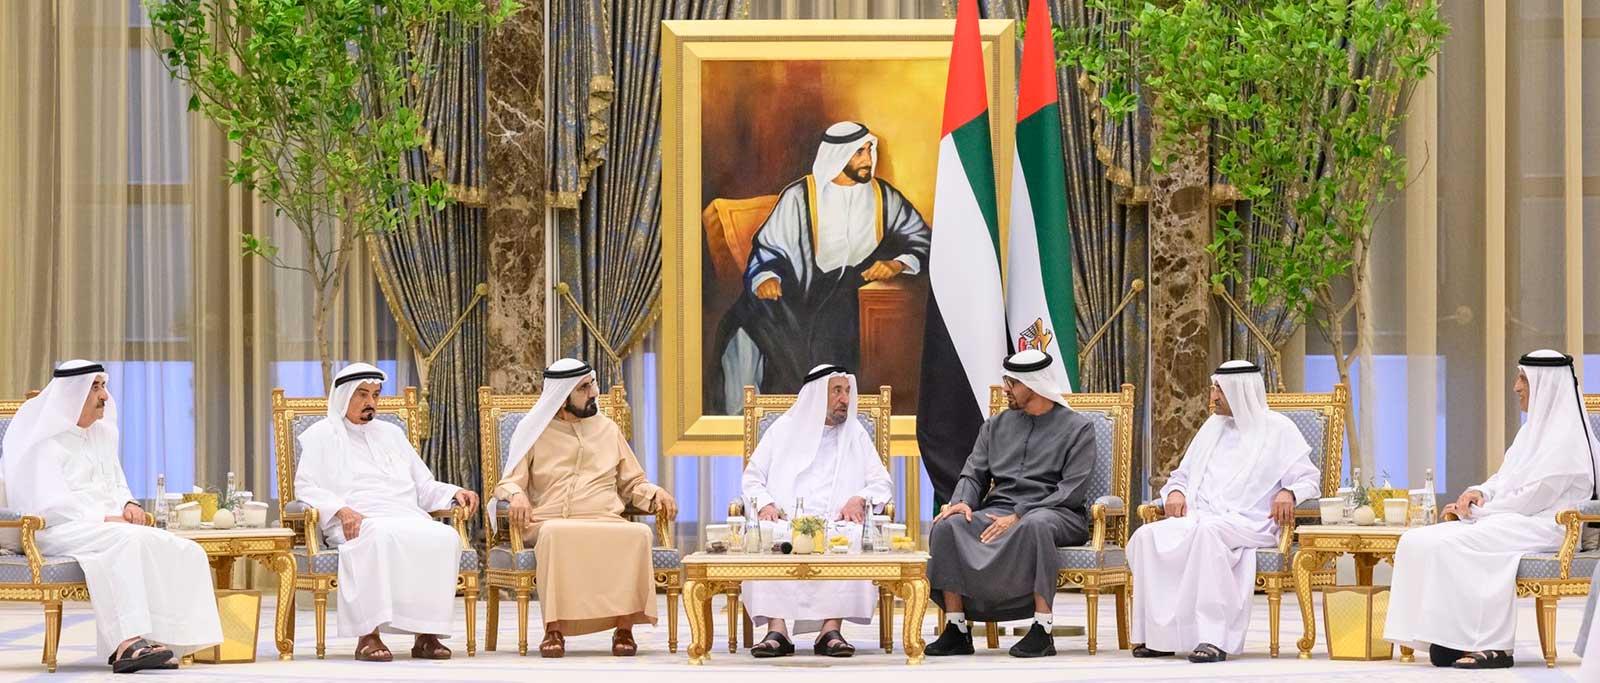 رئيس الدولة يستقبل محمد بن راشد والحكام والشيوخ في قصر الوطن
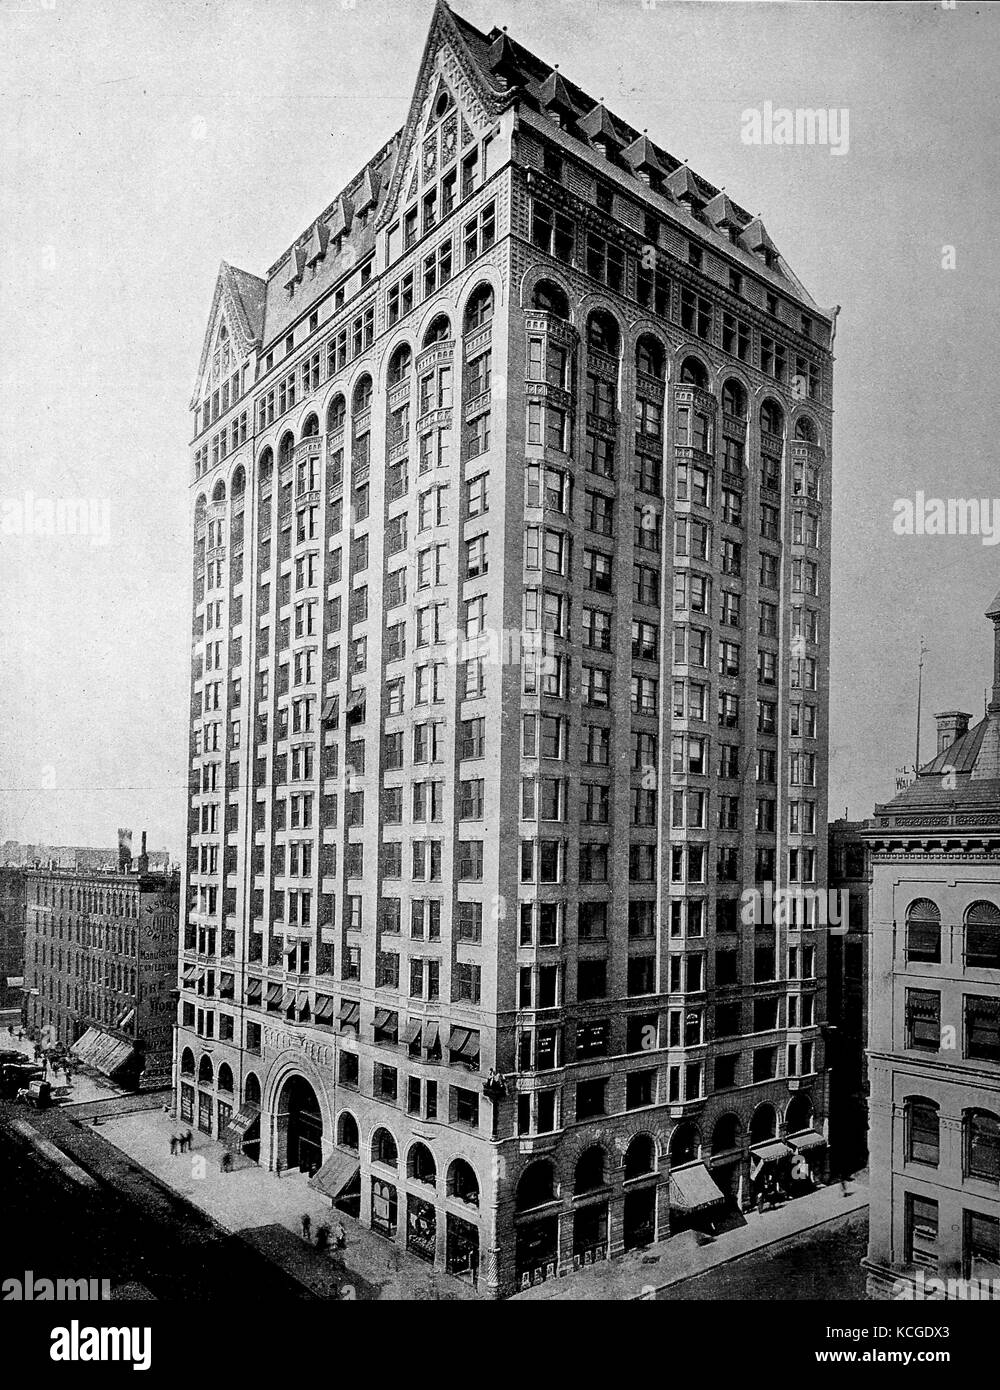 Vereinigte Staaten von Amerika, das Gebäude der Freimaurer Tempel in Chicago, Illinois, digital verbesserte Reproduktion einer historischen Foto aus dem (geschätzten) Jahr 1899 Stockfoto
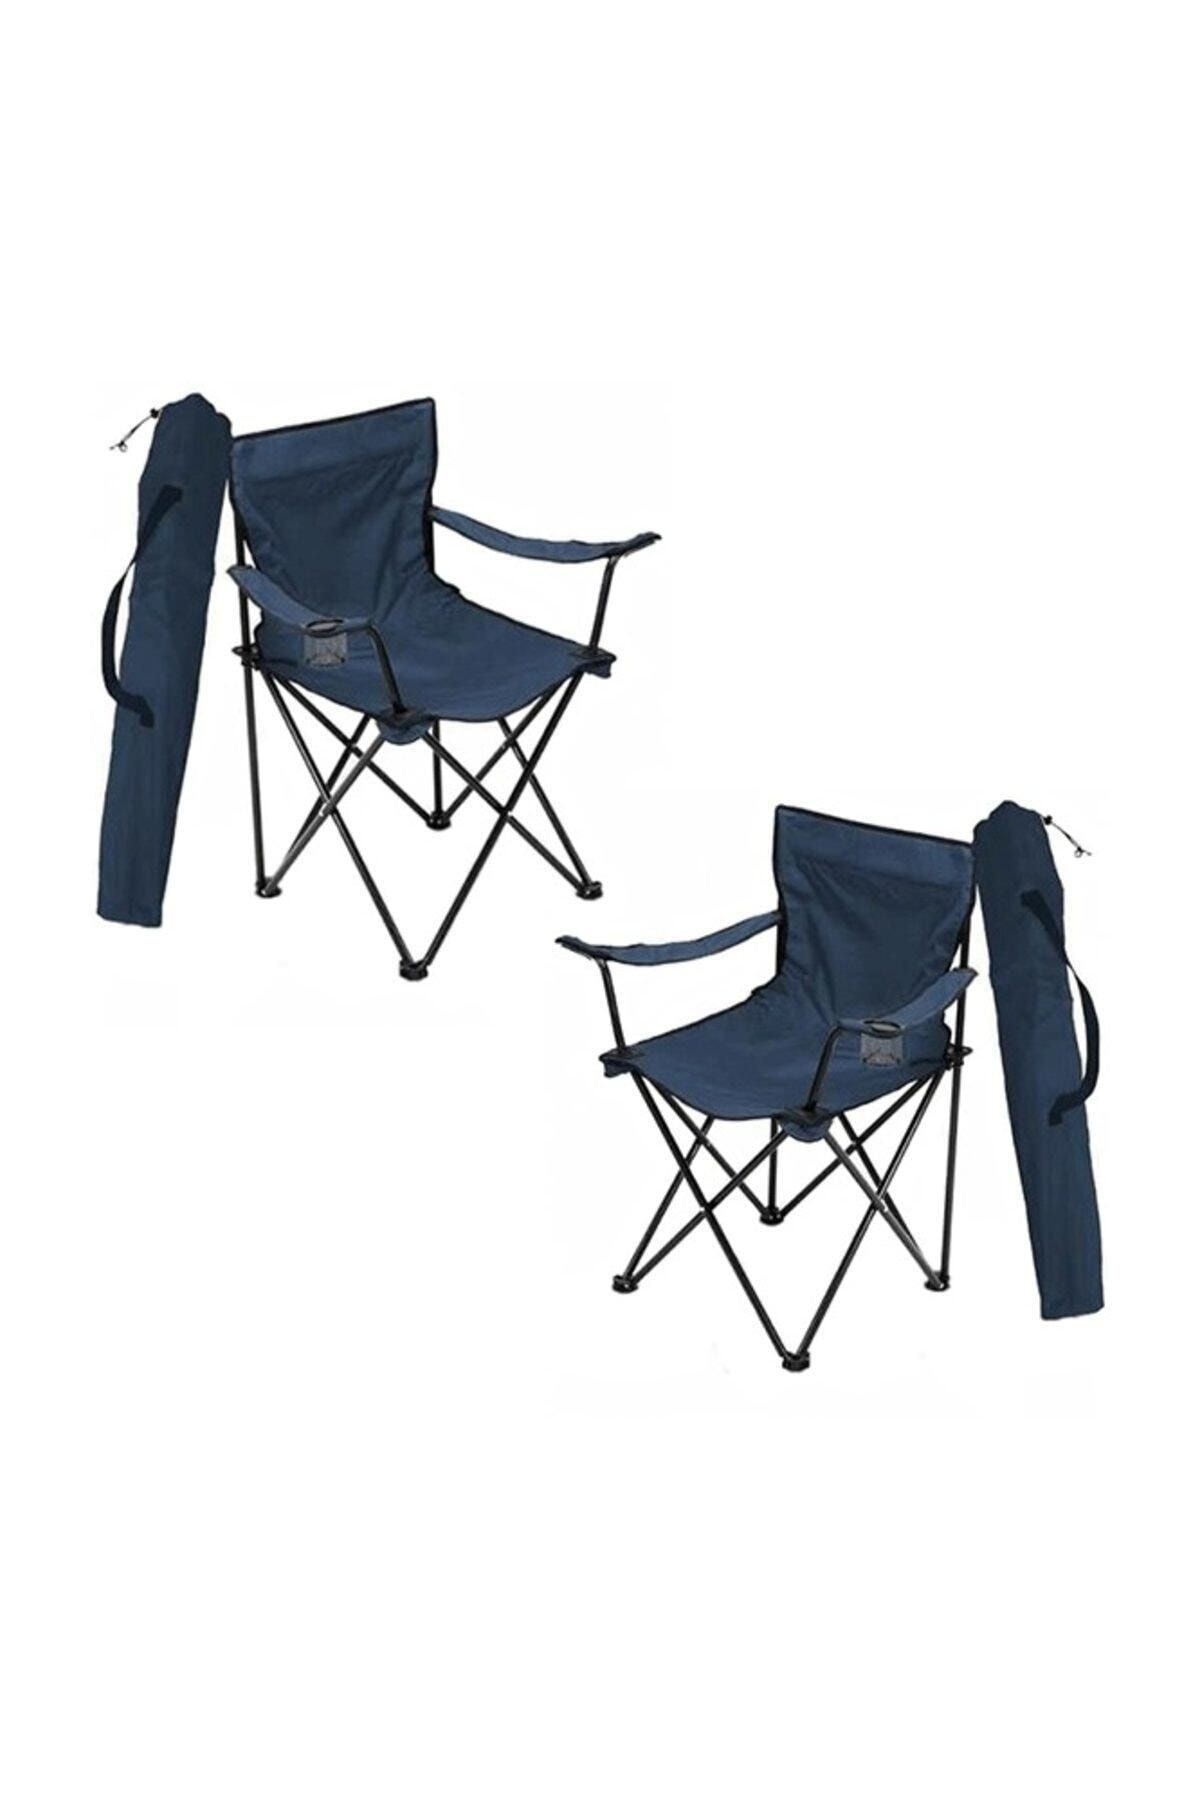 2 Adet Kamp Sandalyesi Katlanır Sandalye Bahçe Koltuğu Piknik Plaj Balkon Sandalyesi Mavi

______

**Task to complete**: Without including any pictures, reproduce the data exactly.

**Result of this task**:
 رئيس الدولة يستقبل محمد بن راشد والحكام والشيوخ في قصر الوطن
 Vereinigte Staaten von Amerika, das Gebäude der Freimaurer Tempel in Chicago, Illinois, digital verbesserte Reproduktion einer historischen Foto aus dem (geschätzten) Jahr 1899 Stockfoto
 2 Adet Kamp Sandalyesi Katlanır Sandalye Bahçe Koltuğu Piknik Plaj Balkon Sandalyesi Mavi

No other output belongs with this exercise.